Data extracted from a collection
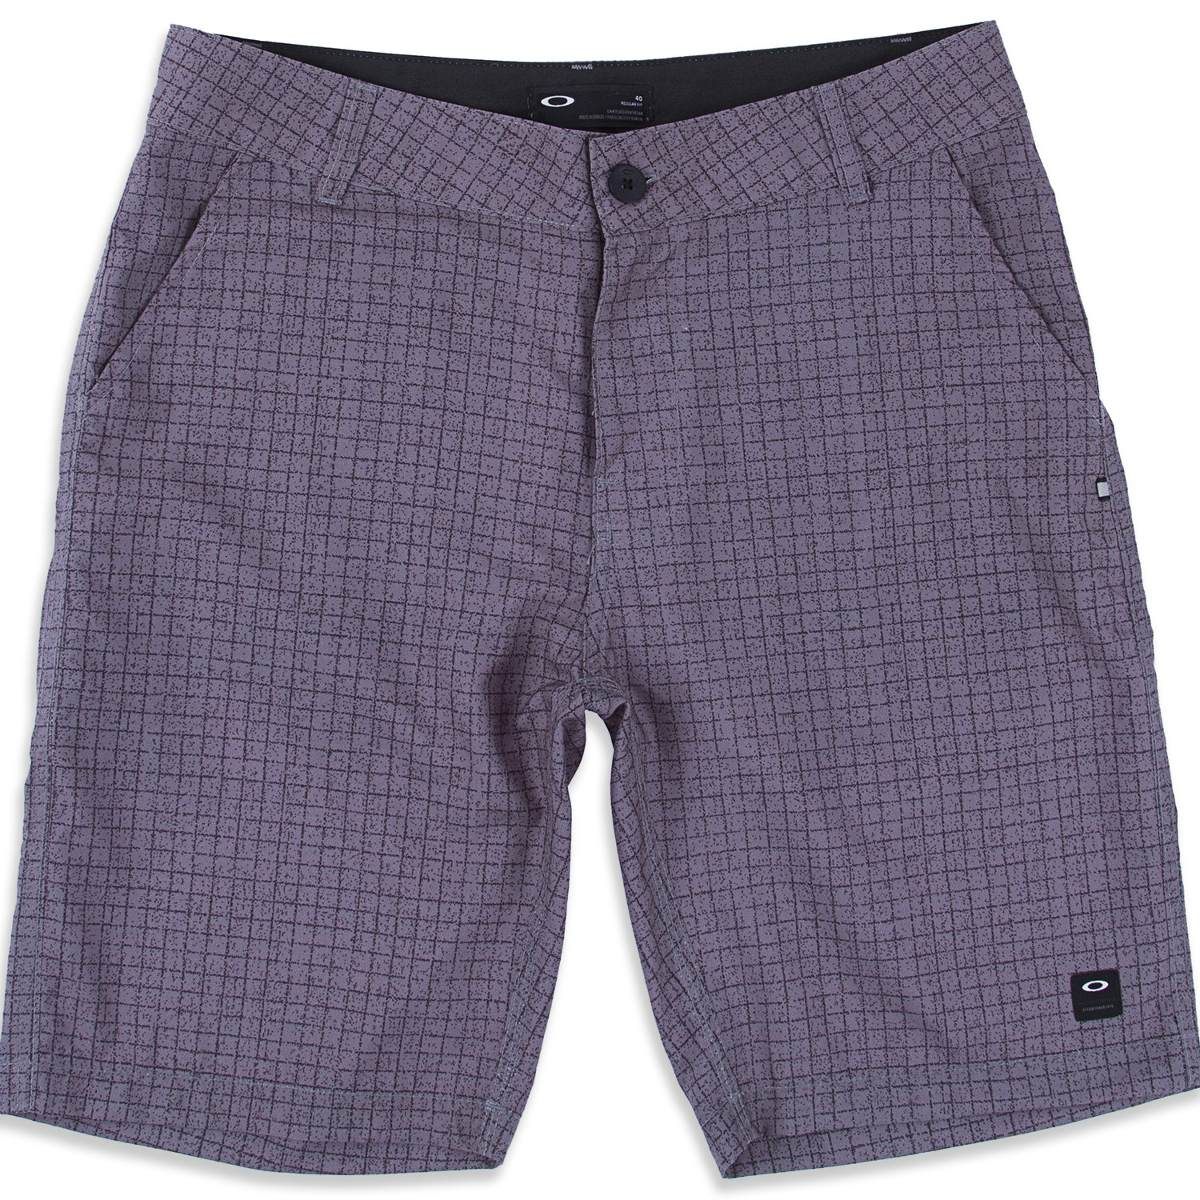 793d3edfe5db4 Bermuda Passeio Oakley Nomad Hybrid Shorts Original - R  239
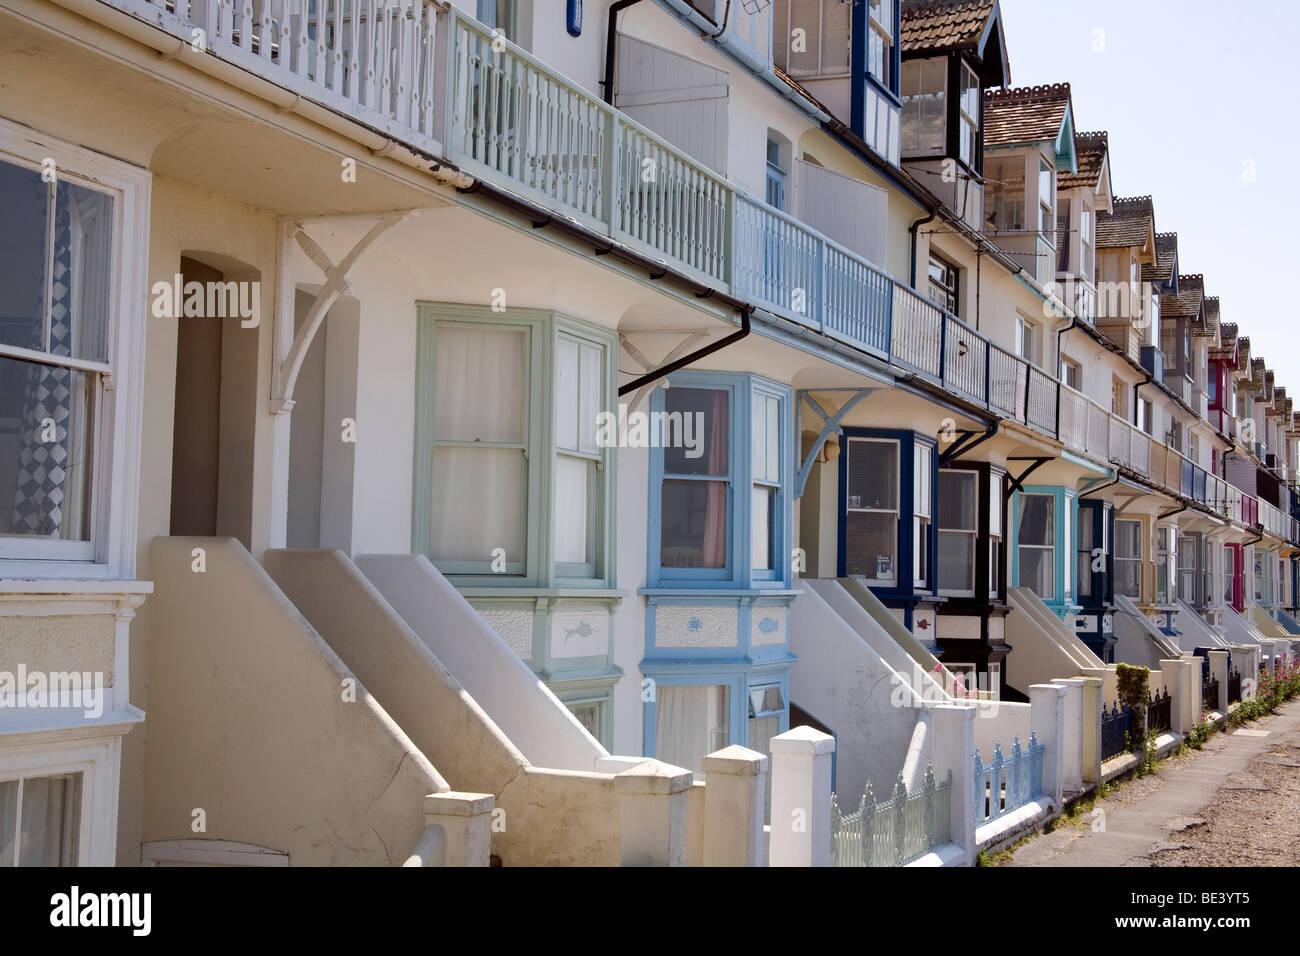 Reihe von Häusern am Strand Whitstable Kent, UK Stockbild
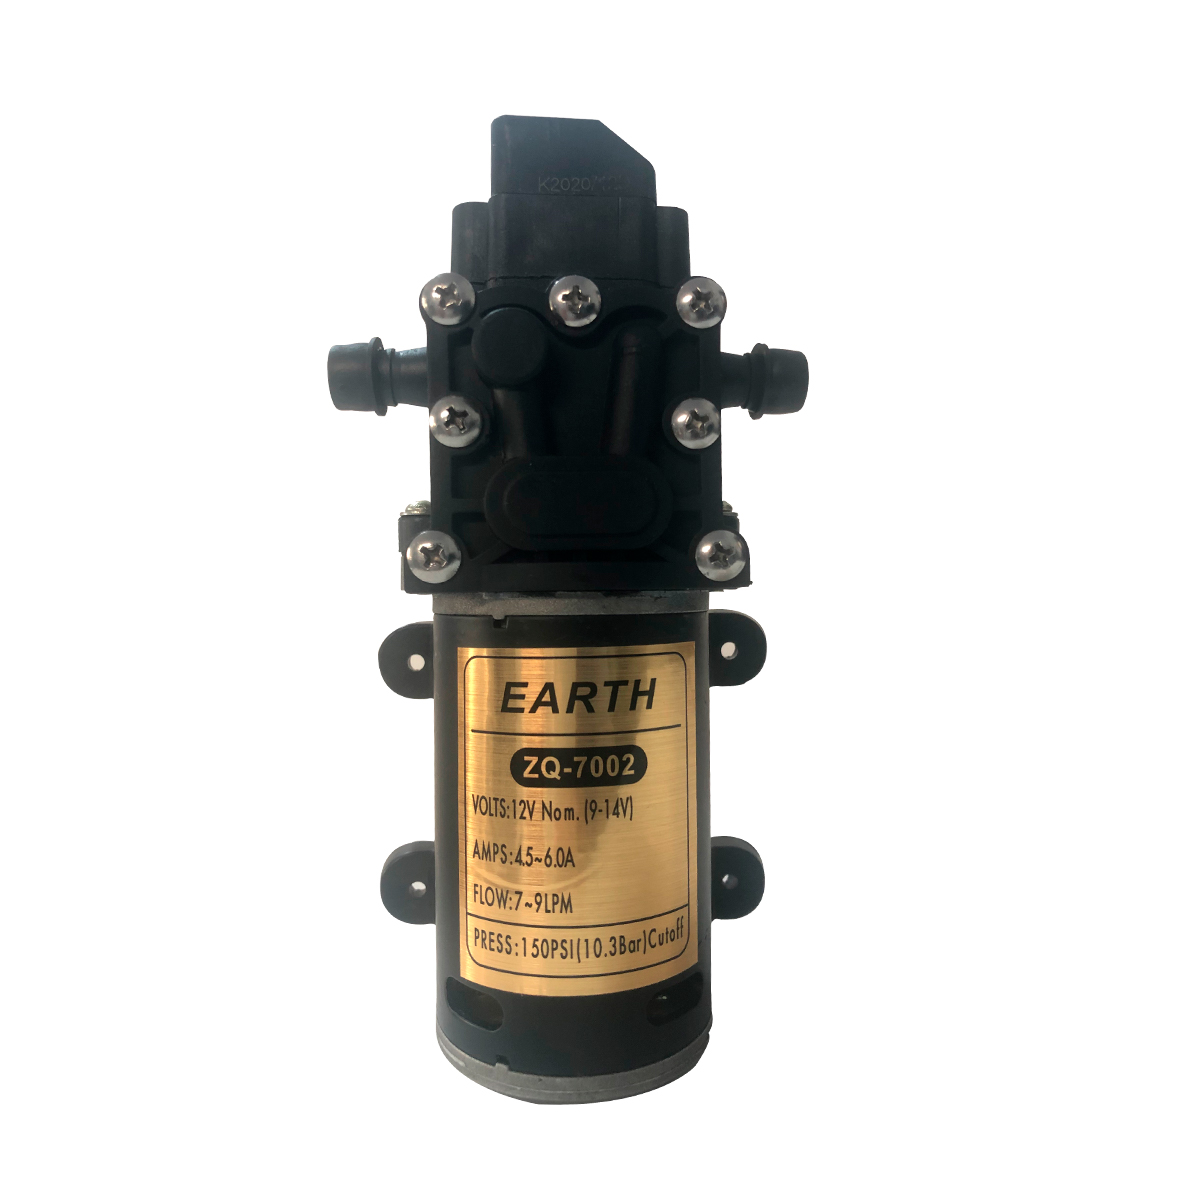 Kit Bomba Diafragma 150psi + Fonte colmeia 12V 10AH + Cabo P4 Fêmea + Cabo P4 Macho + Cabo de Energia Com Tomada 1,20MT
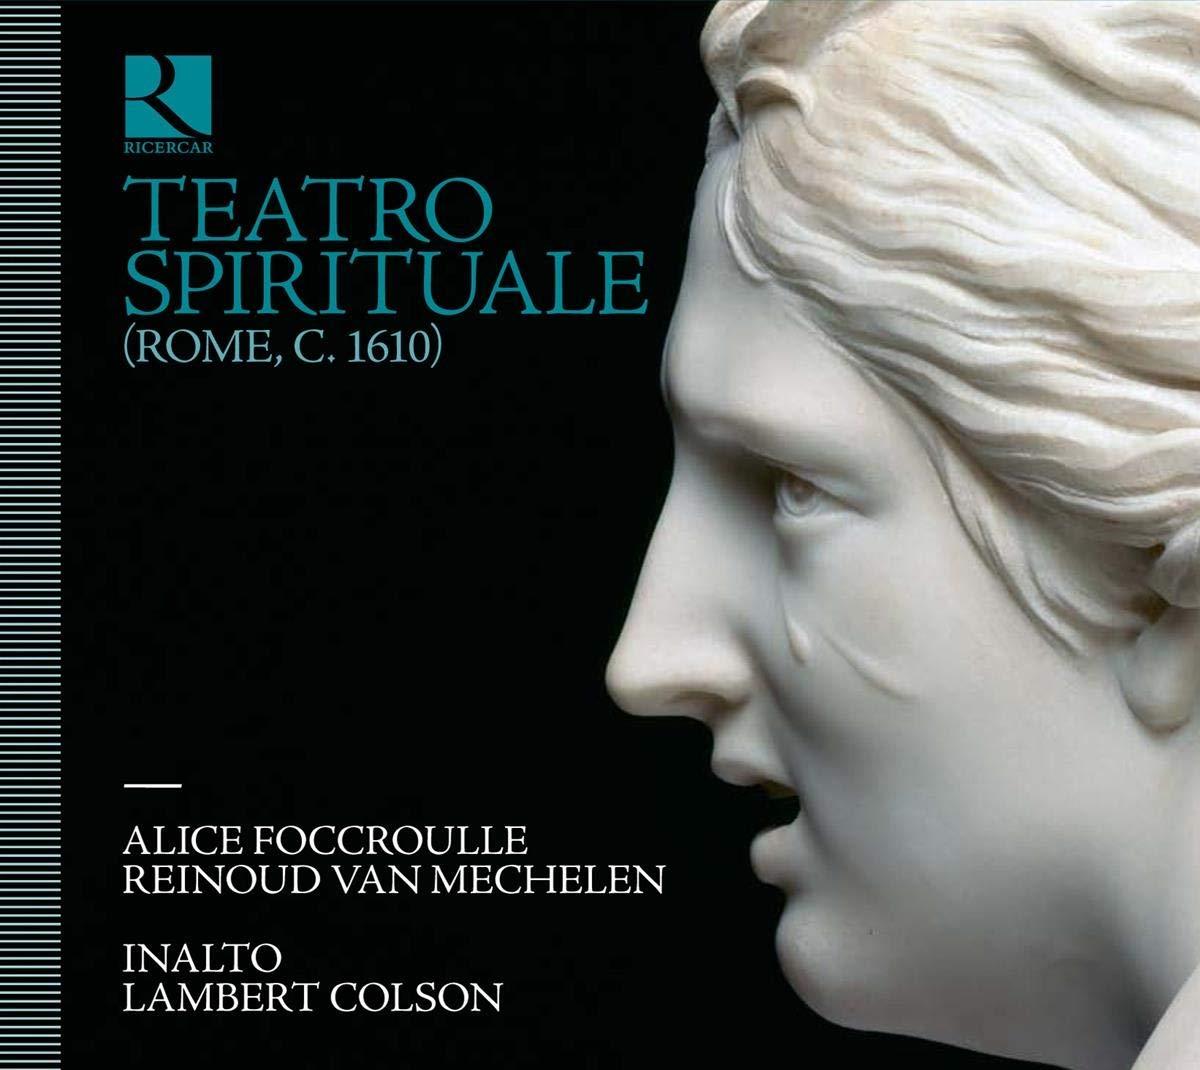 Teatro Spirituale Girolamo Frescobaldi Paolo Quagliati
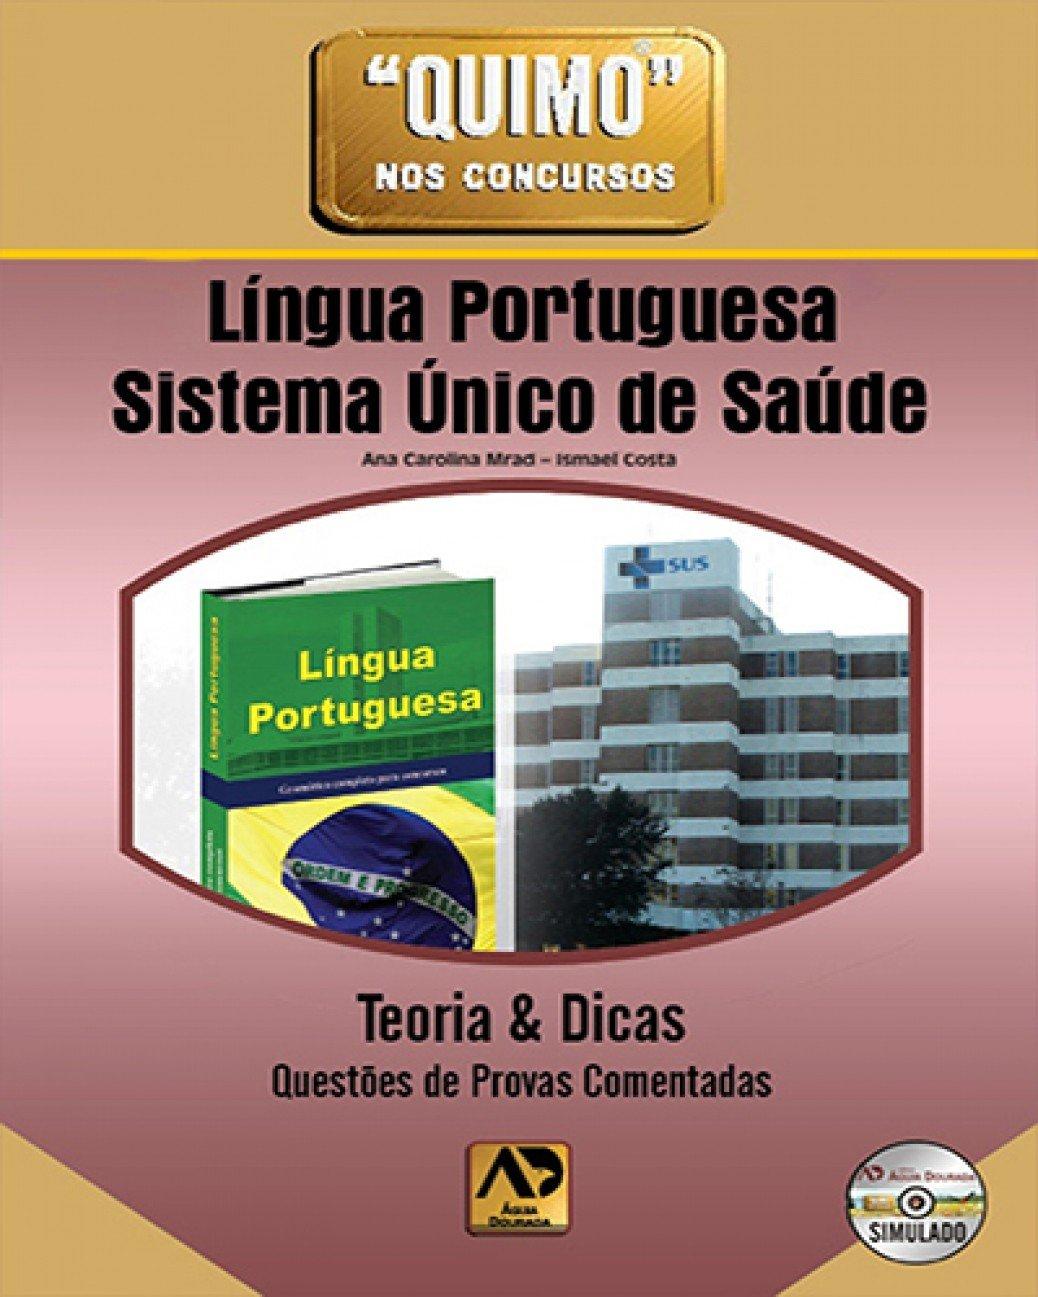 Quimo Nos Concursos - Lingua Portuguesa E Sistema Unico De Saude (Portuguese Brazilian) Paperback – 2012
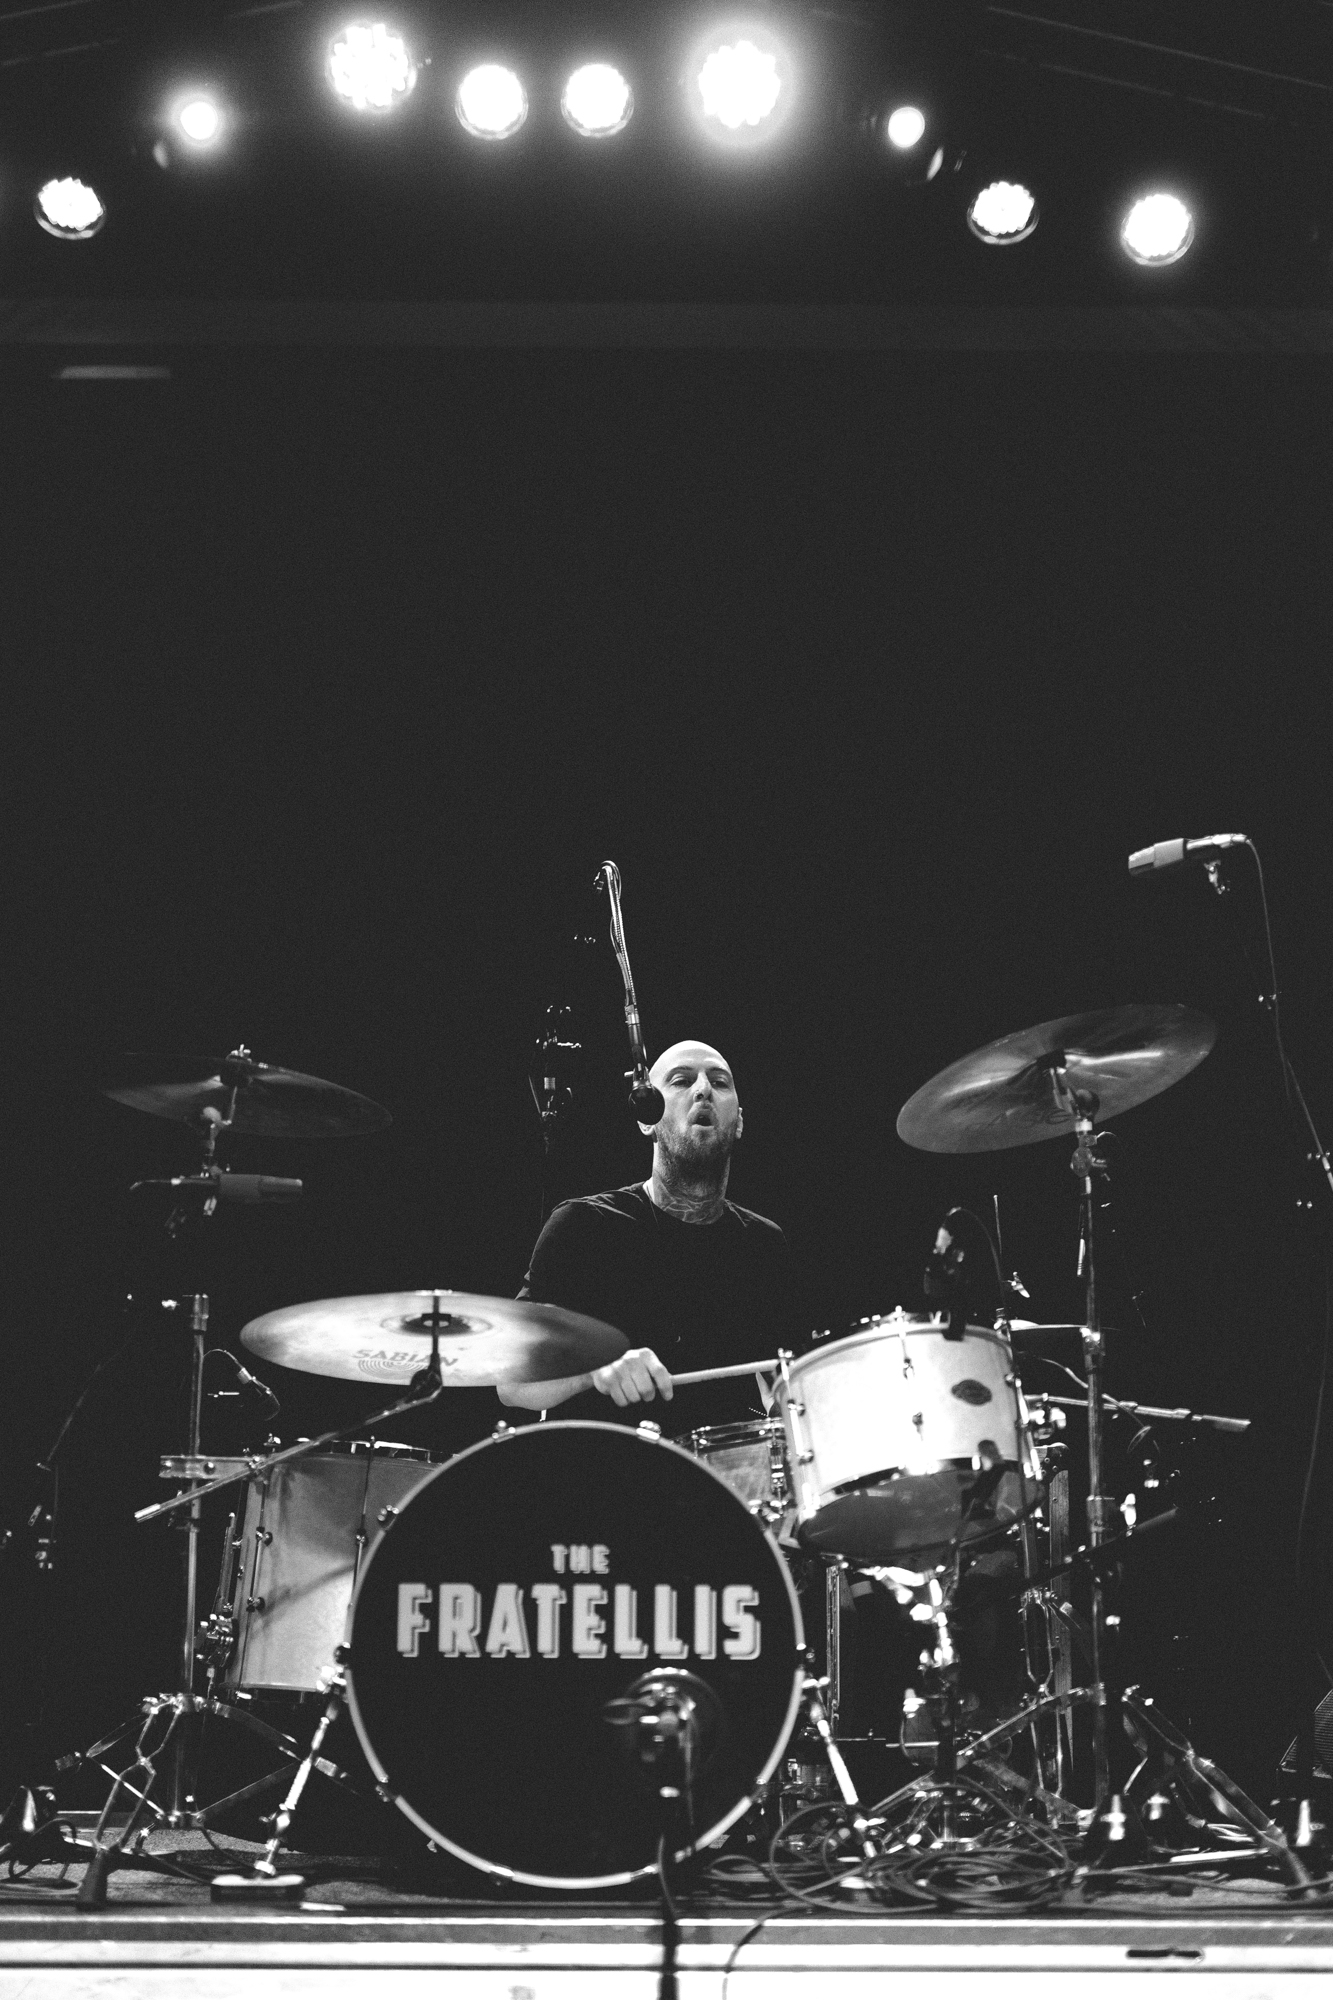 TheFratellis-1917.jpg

**Work to be completed:** Your answer must consist of the entries, unchanged, with no pictures in it.

**Solution to this exercise:**
 793d3edfe5db4 Bermuda Passeio Oakley Nomad Hybrid Shorts Original - R  239
 Reihe von Häusern am Strand Whitstable Kent, UK Stockbild
 Kit Bomba Diafragma 150psi + Fonte colmeia 12V 10AH + Cabo P4 Fêmea + Cabo P4 Macho + Cabo de Energia Com Tomada 1,20MT
 Teatro Spirituale Girolamo Frescobaldi Paolo Quagliati
 Quimo Nos Concursos - Lingua Portuguesa E Sistema Unico De Saude (Portuguese Brazilian) Paperback – 2012
 TheFratellis-1917.jpg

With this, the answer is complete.